Ce fut l’une des dernières que signa Freycinet. Deux jours après, Ribot, président du conseil, reconstitua le ministère. Il n’appela point Freycinet dans la nouvelle combinaison (31 décembre). Loubet, ministre de l’intérieur, et Burdeau, ministre de la Marine, se retirèrent en même temps.

Pour Esterhazy, son envoi, après tant d’intrigues, dans une garnison si voisine de Paris n’eut d’autre résultat que d’accélérer sa débâcle. À peine nommé[1], il n’y fit que de courtes apparitions, toujours en permission ou en route, professant plus que jamais le mépris de son métier et absorbé par la question d’argent, spéculateur en uniforme, talonné par ses créanciers, brûlant ses dernières cartouches. Ce qu’il gagnait parfois dans une série de petites opérations bien conçues et prudentes[2], il le perdait aussitôt dans le grand coup qui devait refaire sa fortune[3]. « Je continue à prendre la culotte, écrit-il en janvier, mon Turc f… le camp[4]. » Le mois d’après, sa déveine persistante prend un ton plus tragique : « La jettatura m’a fa maledetto, je suis désespéré[5]. » Et, comme tant de scan-

  1. Il prit son service dans les premiers jours de février 1893. (Cass., I, 780, Mulot.)

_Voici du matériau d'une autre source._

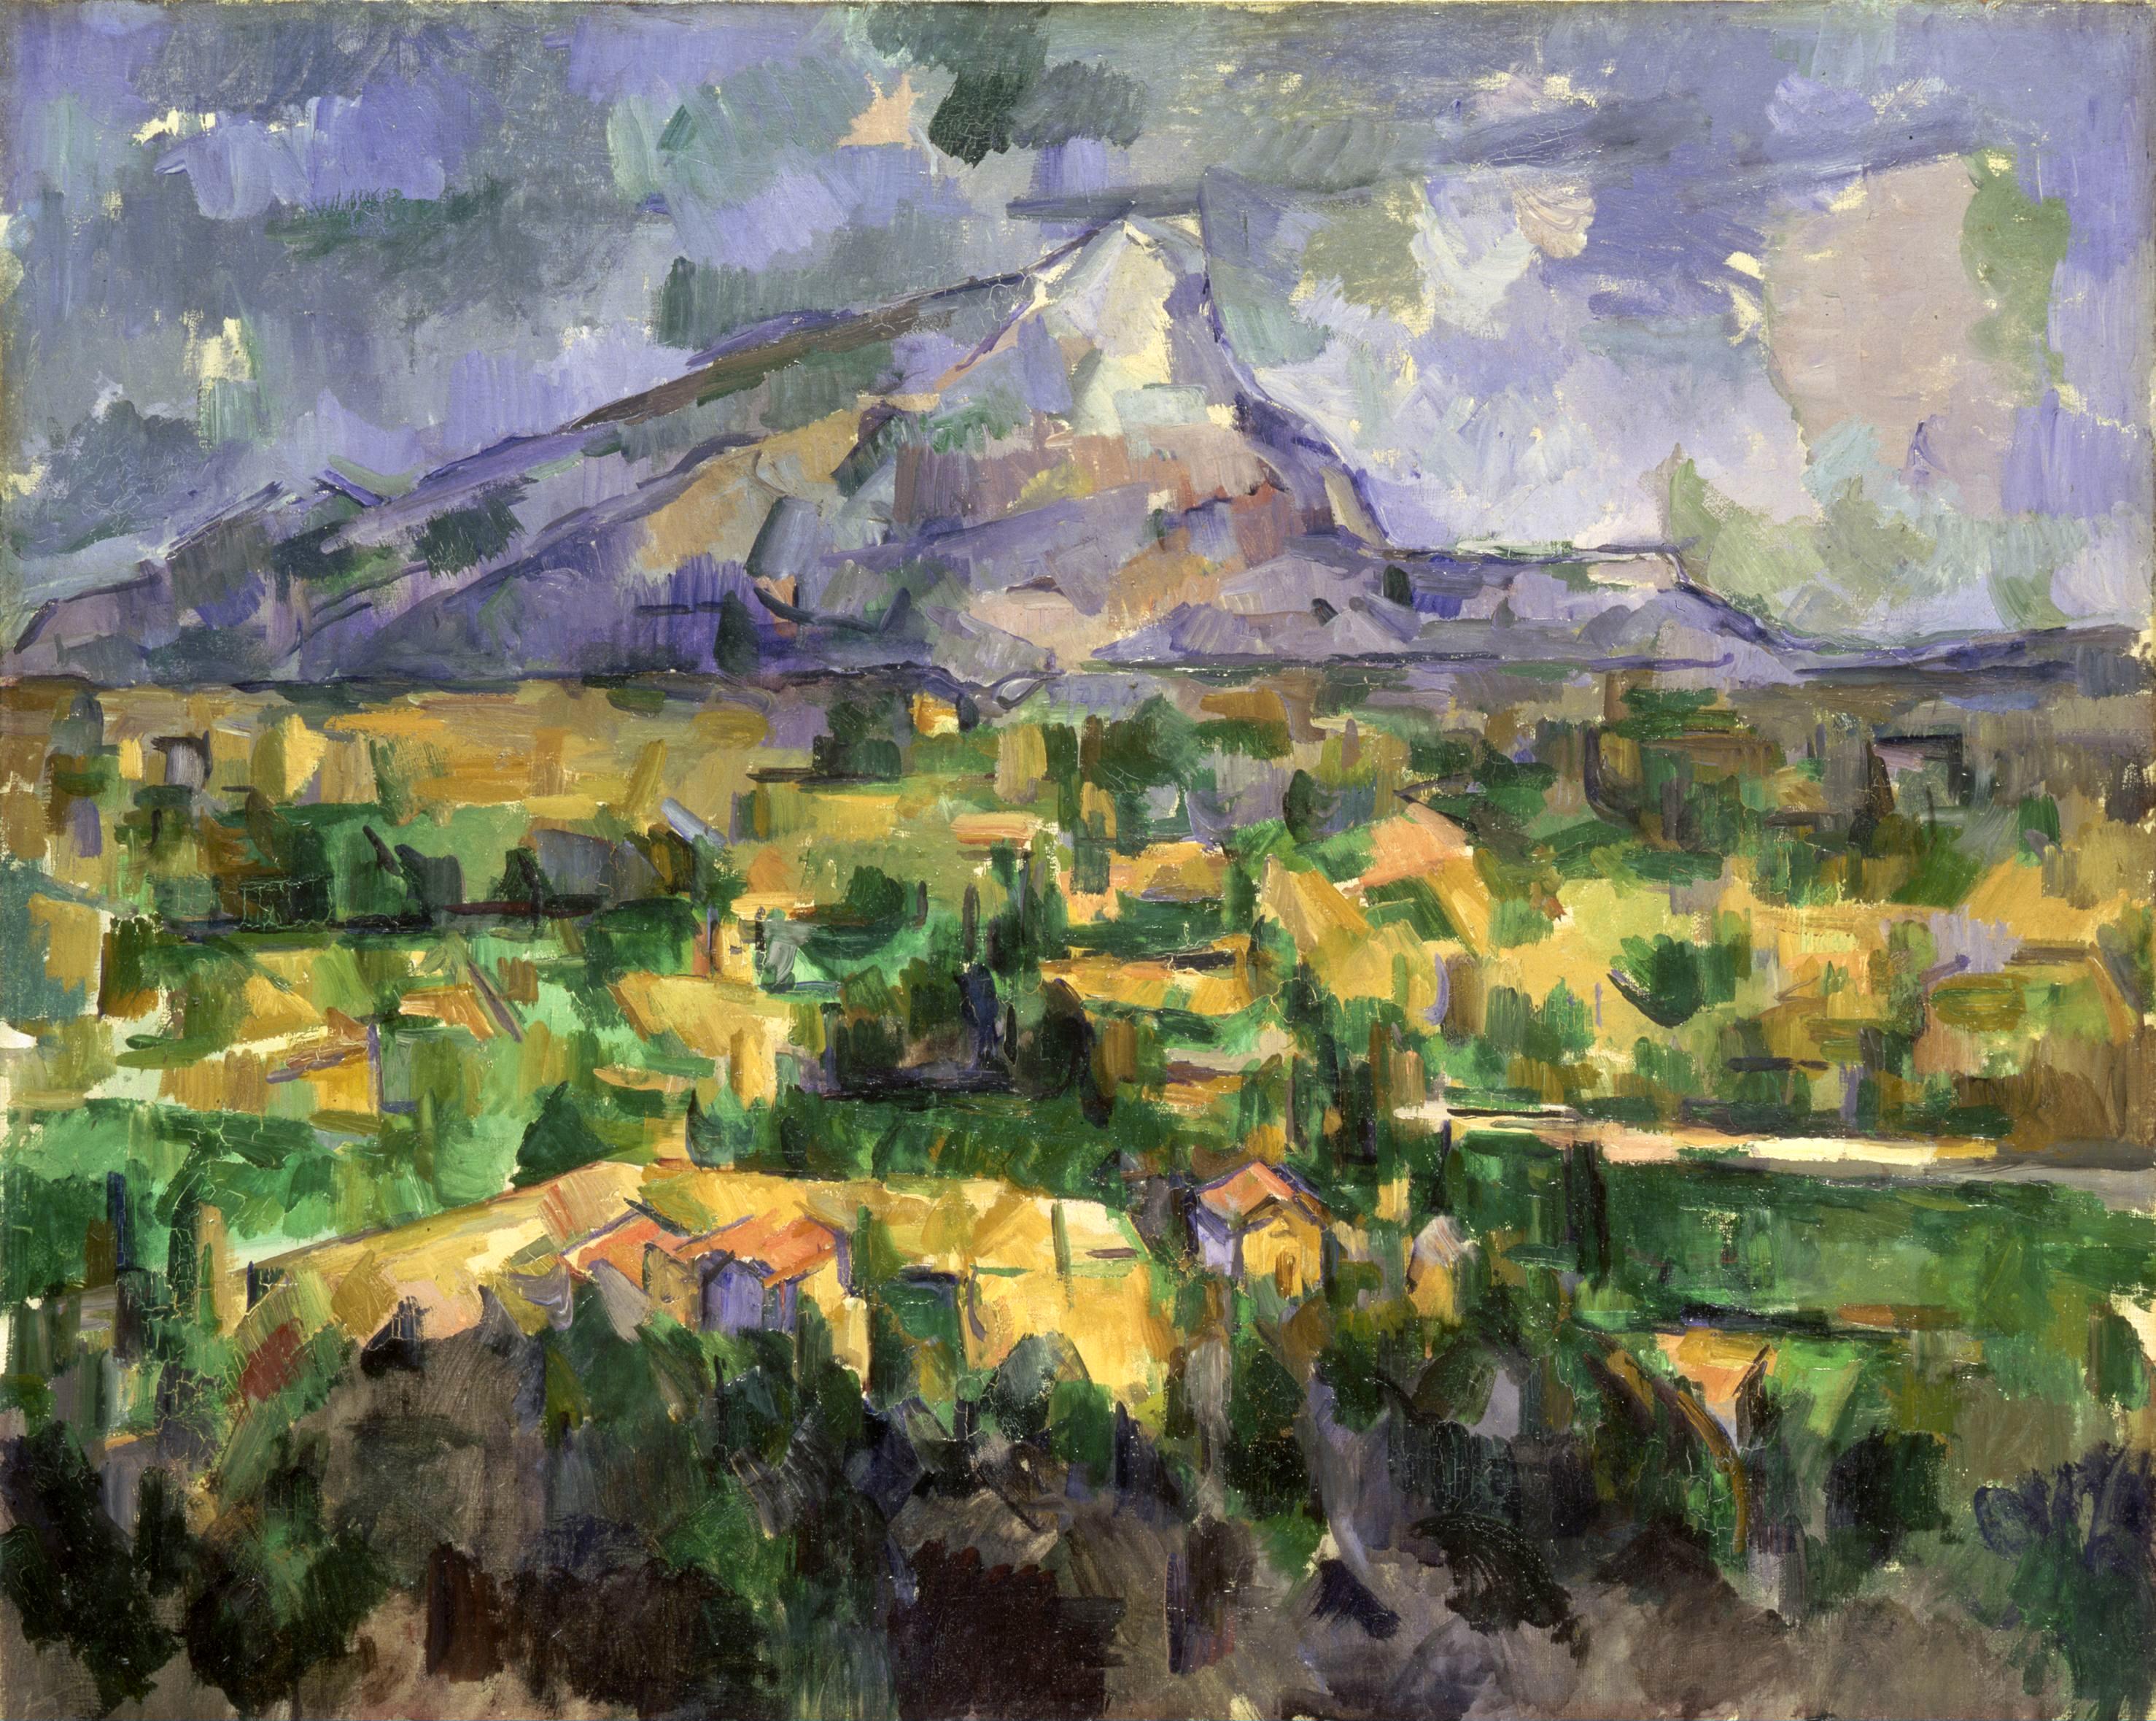 Paul Cezanne: Mont Sainte-Victoire
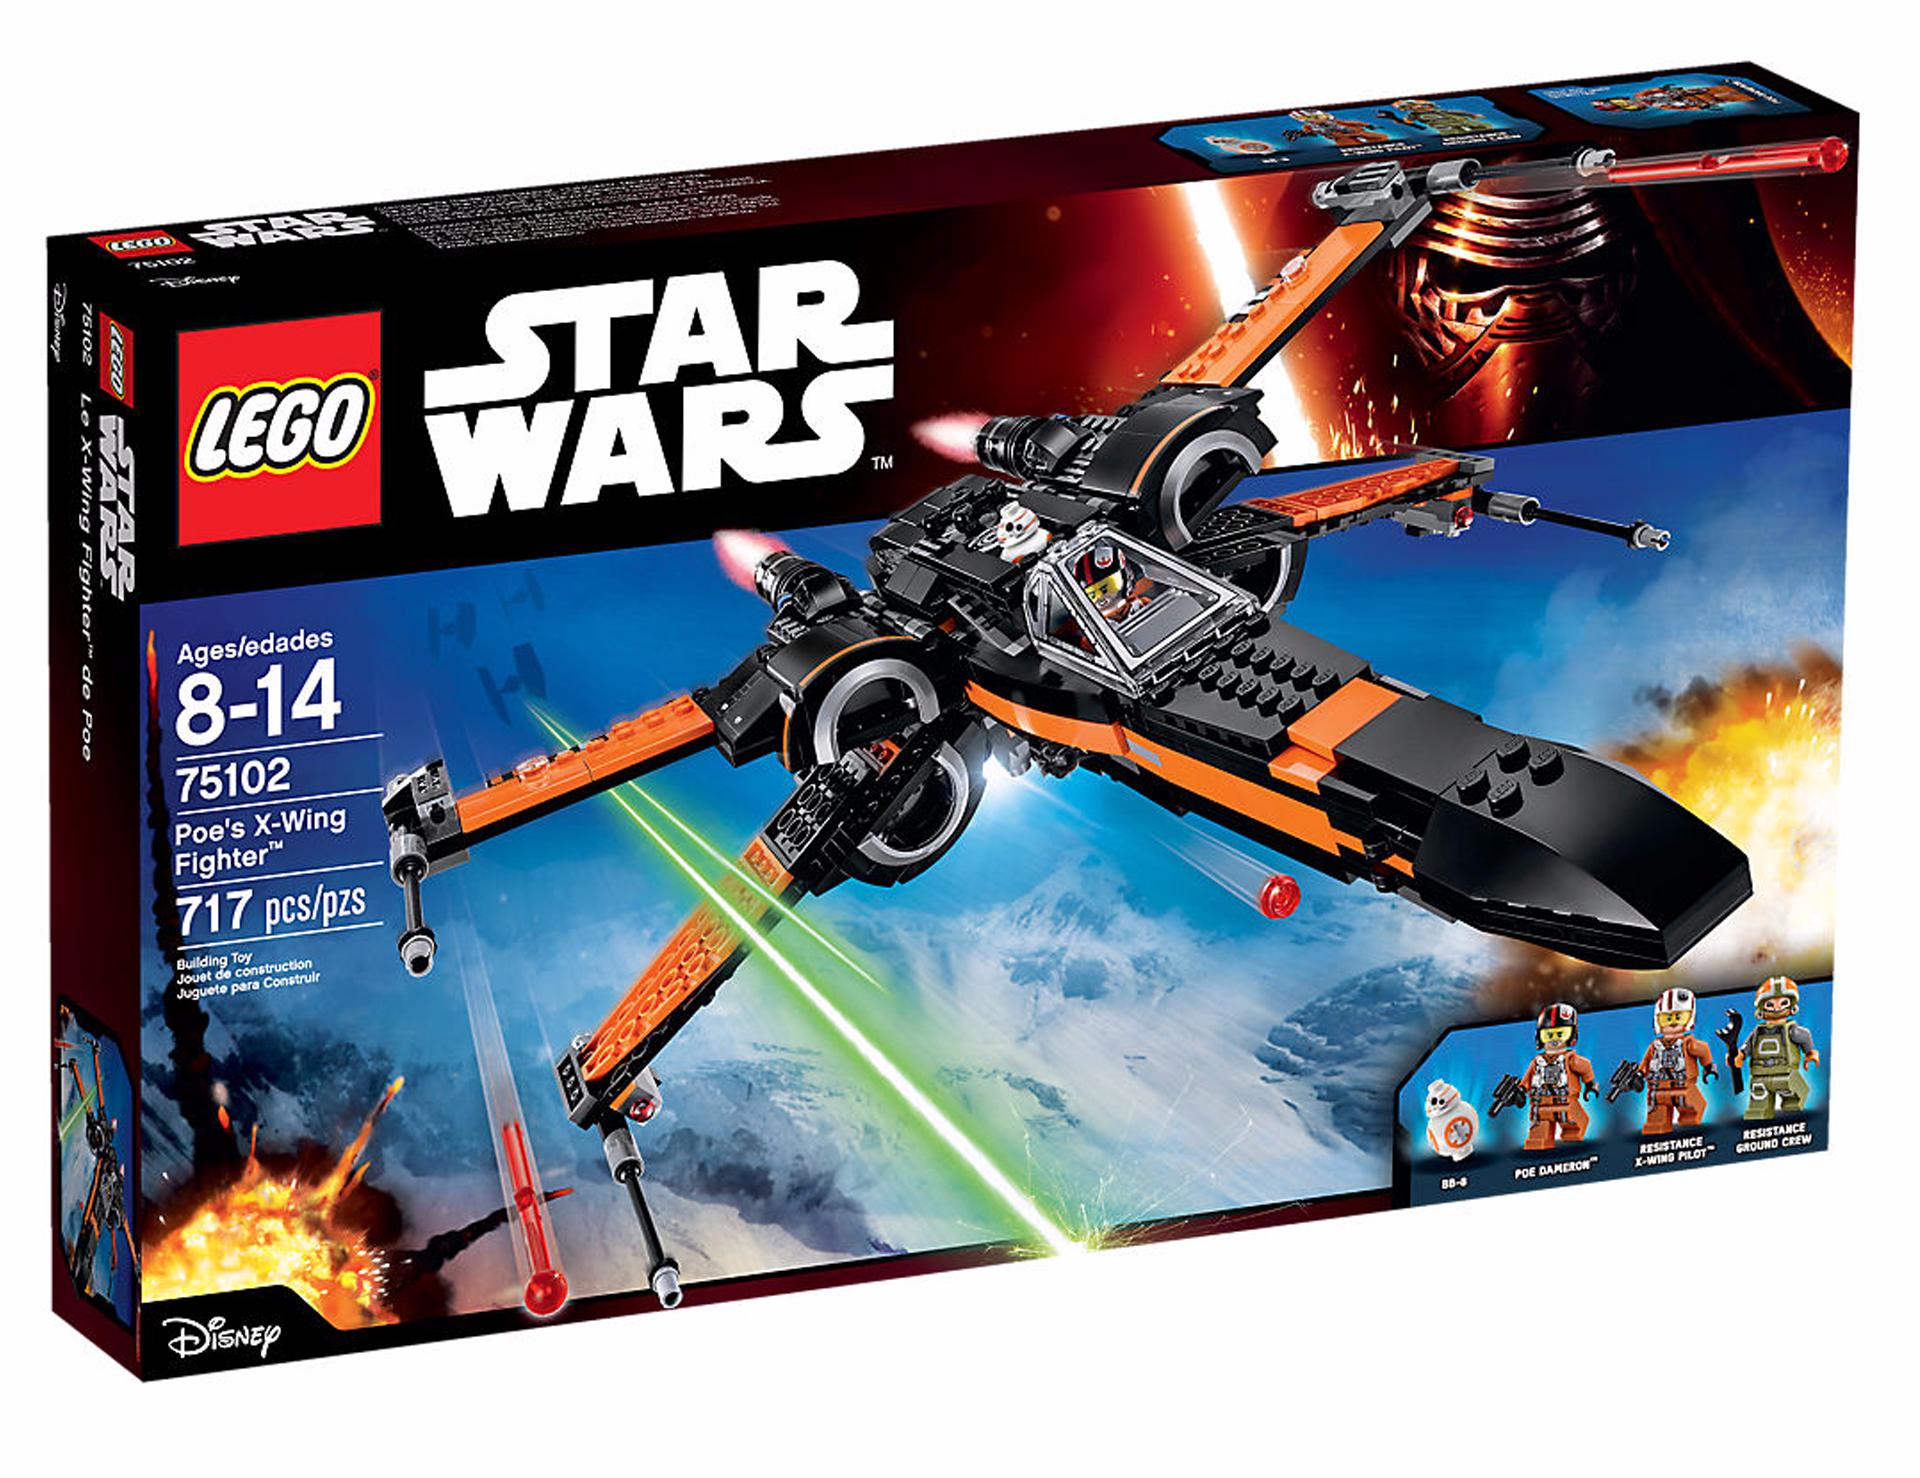 Wing Lego Poe's X Star Wars Fighter kOPiXZu

  2. J’ai sous les yeux sa correspondance dans l’une des maisons de coulisse où il opérait, surtout sur la rente. De janvier 1893 à février 1894, il gagna presque toujours, environ 10.000 francs (exactement : 9.709 fr. 60). Voici l’un de ses ordres : « L’extérieur repart en arrière. Que penseriez-vous de vendre une prime dont 25 sur notre prime dont 50 ? Si cela baisse, cela diminue ma perte de moitié ; si cela monte, je bénéficie de l’écart. Ou bien de vendre 2.000 ferme ? » Il téléphone de Rouen, se tient au courant des fluctuations du marché.
  3. Notamment, des spéculations sur la rente italienne, auxquelles il fait de fréquentes allusions dans ses lettres à Grenier, et sur les mines d’or. (Cass., I, 707, lettre à Jules Roche.)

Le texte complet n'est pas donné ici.